MORGANTOWN —
A black West Virginia woman who was kidnapped and tortured by a group of white people in 2007, then tried to recant her accusations two years later, has been arrested for violating a domestic violence protective order.
Megan Williams, 25, was charged with four misdemeanors after she threw a can of food at her husband on the street then tried to remove property from the home she’d been ordered to avoid, Hinton Police Chief Derek Snavely said Wednesday.
Williams was being held on $10,000 bond at the Southern Regional Jail after her arraignment in Summers County Magistrate Court. It was not immediately clear whether she had an attorney.
Snavely said he also charged Williams with petty larceny, fleeing on foot and obstructing an officer because she ran about a block when he tried to arrest her Tuesday afternoon.
He said Williams’ husband, Robert Lee Brady Jr., had obtained a protective order after his wife’s Aug. 14 arrest on a charge of falsely reporting an emergency. She was jailed for a few days before making $500 bail.
There have been multiple 911 calls about domestic disturbances at the home in the year or so the couple has been living in Hinton, but Snavely said Aug. 14 was the first arrest.
Williams appears to have last posted on a Facebook page under the name Megan Brady on Aug. 13, the day before her previous arrest. There are multiple posts in the preceding days accusing her husband of mistreating her and claiming she is pregnant.
Brady did not immediately respond to a message from The Associated Press.
Snavely said the couple has a baby that is currently with Brady’s mother.
Seven people pleaded guilty to various charges after Williams told police in 2007 that her captors, including boyfriend Bobby Brewster, had beaten and raped her, forced her to drink urine and eat feces, poured hot wax on her and taunted her with racial slurs in a trailer in Logan County. Six of those people were sentenced to long prison terms.

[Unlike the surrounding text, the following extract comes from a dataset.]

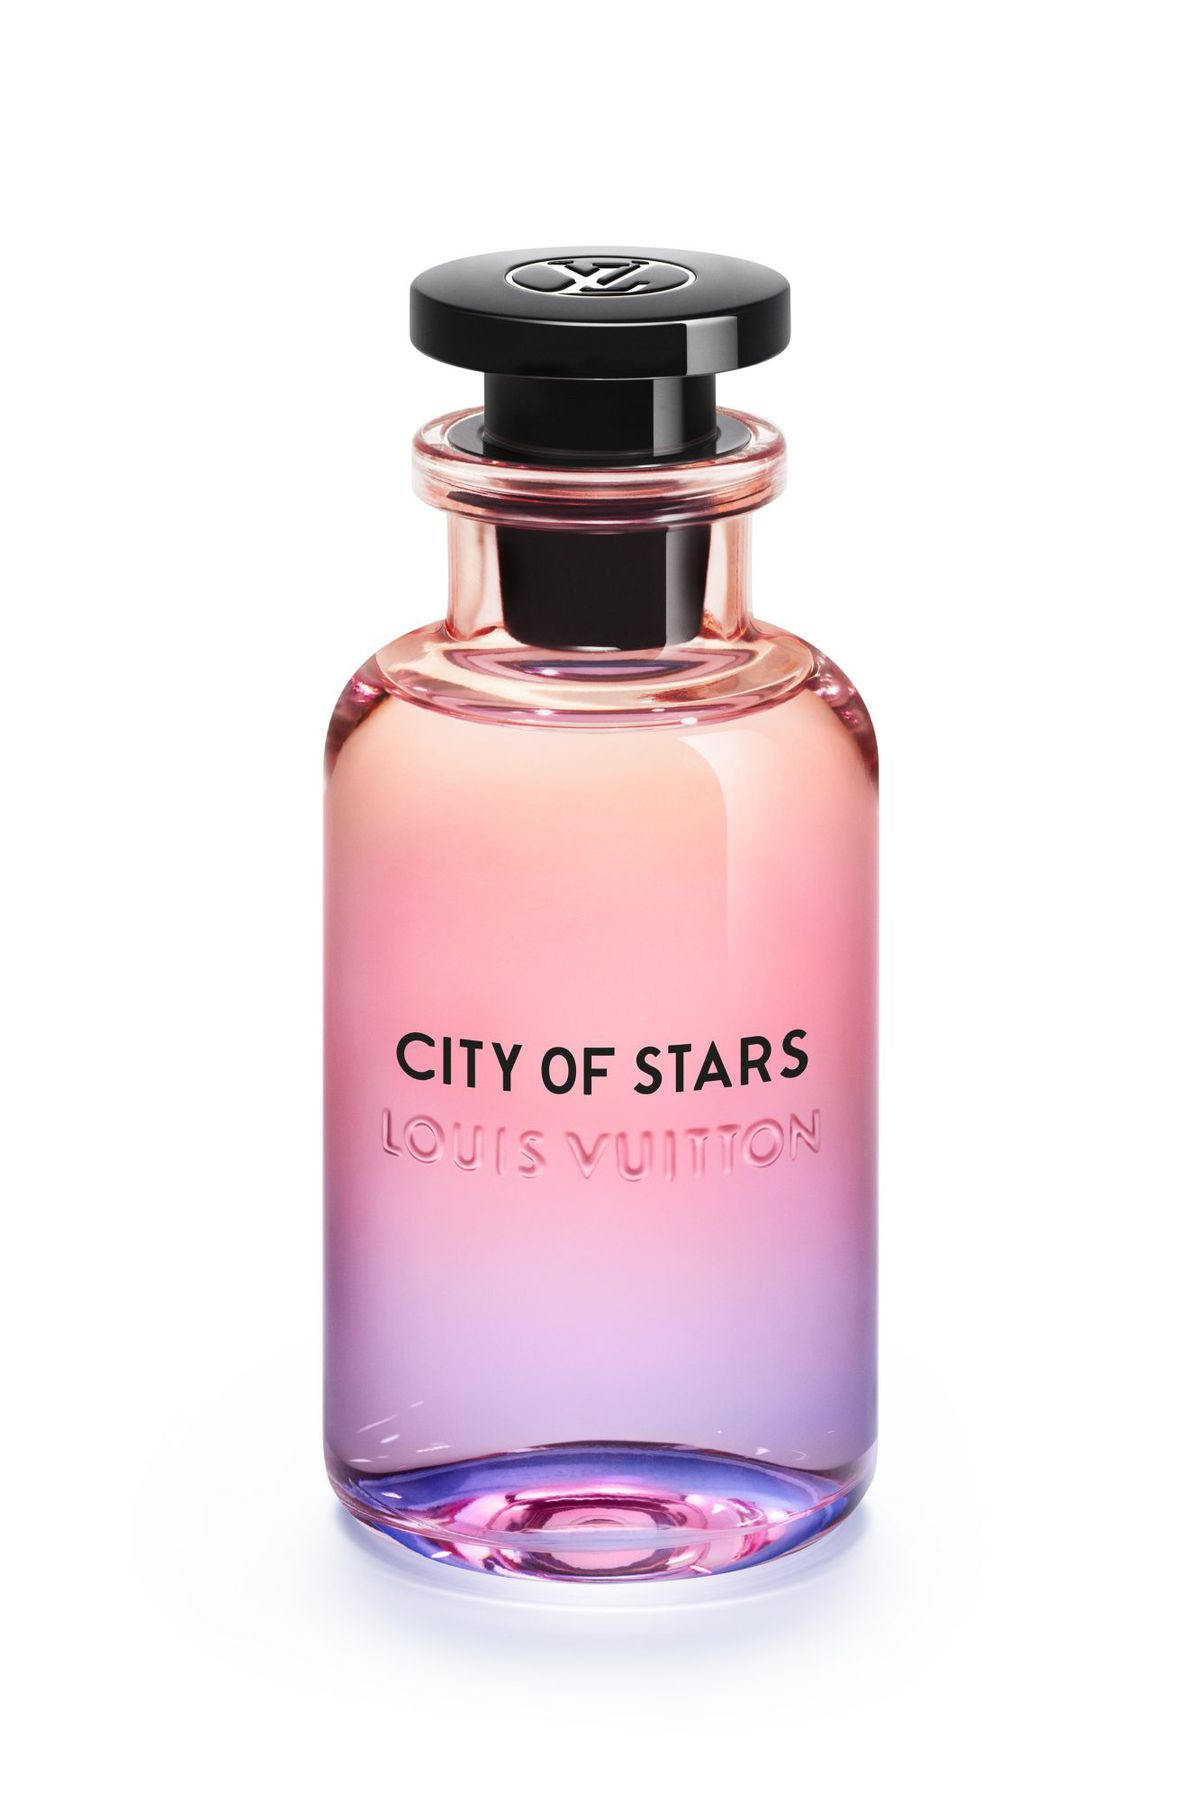 Louis Vuitton City of Stars fragrance

In 2009, however, Ohio attorney Byron Potts held a news conference in which he said Williams was recanting the allegations. Potts said at the time that Williams had fabricated the story to get revenge on an ex-boyfriend, and all her wounds except facial bruises were self-inflicted.
Two days after that announcement, Williams’ caretaker said the young woman had mental problems and had told different stories at different times.
Potts was in court Wednesday and not immediately available for comment, but a secretary said their attorney-client relationship ended when Williams refused to cooperate.
Brian Abraham, who was the Logan County prosecutor five years ago, called Williams’ recantation “absurd,” adding that the captors were convicted on their own statements and physical evidence.
Among them was Frankie Brewster, mother of Williams’ then-boyfriend. While serving a 10- to 25-year sentence at the Lakin Correctional Center, Frankie Brewster told WCHS-TV that the crimes had, in fact, occurred and “all of us participated.”
Brewster denied that race or Williams’ relationship with her son started the series of crimes. Rather, she blamed a co-defendant who had accused Williams of stealing money and food stamps.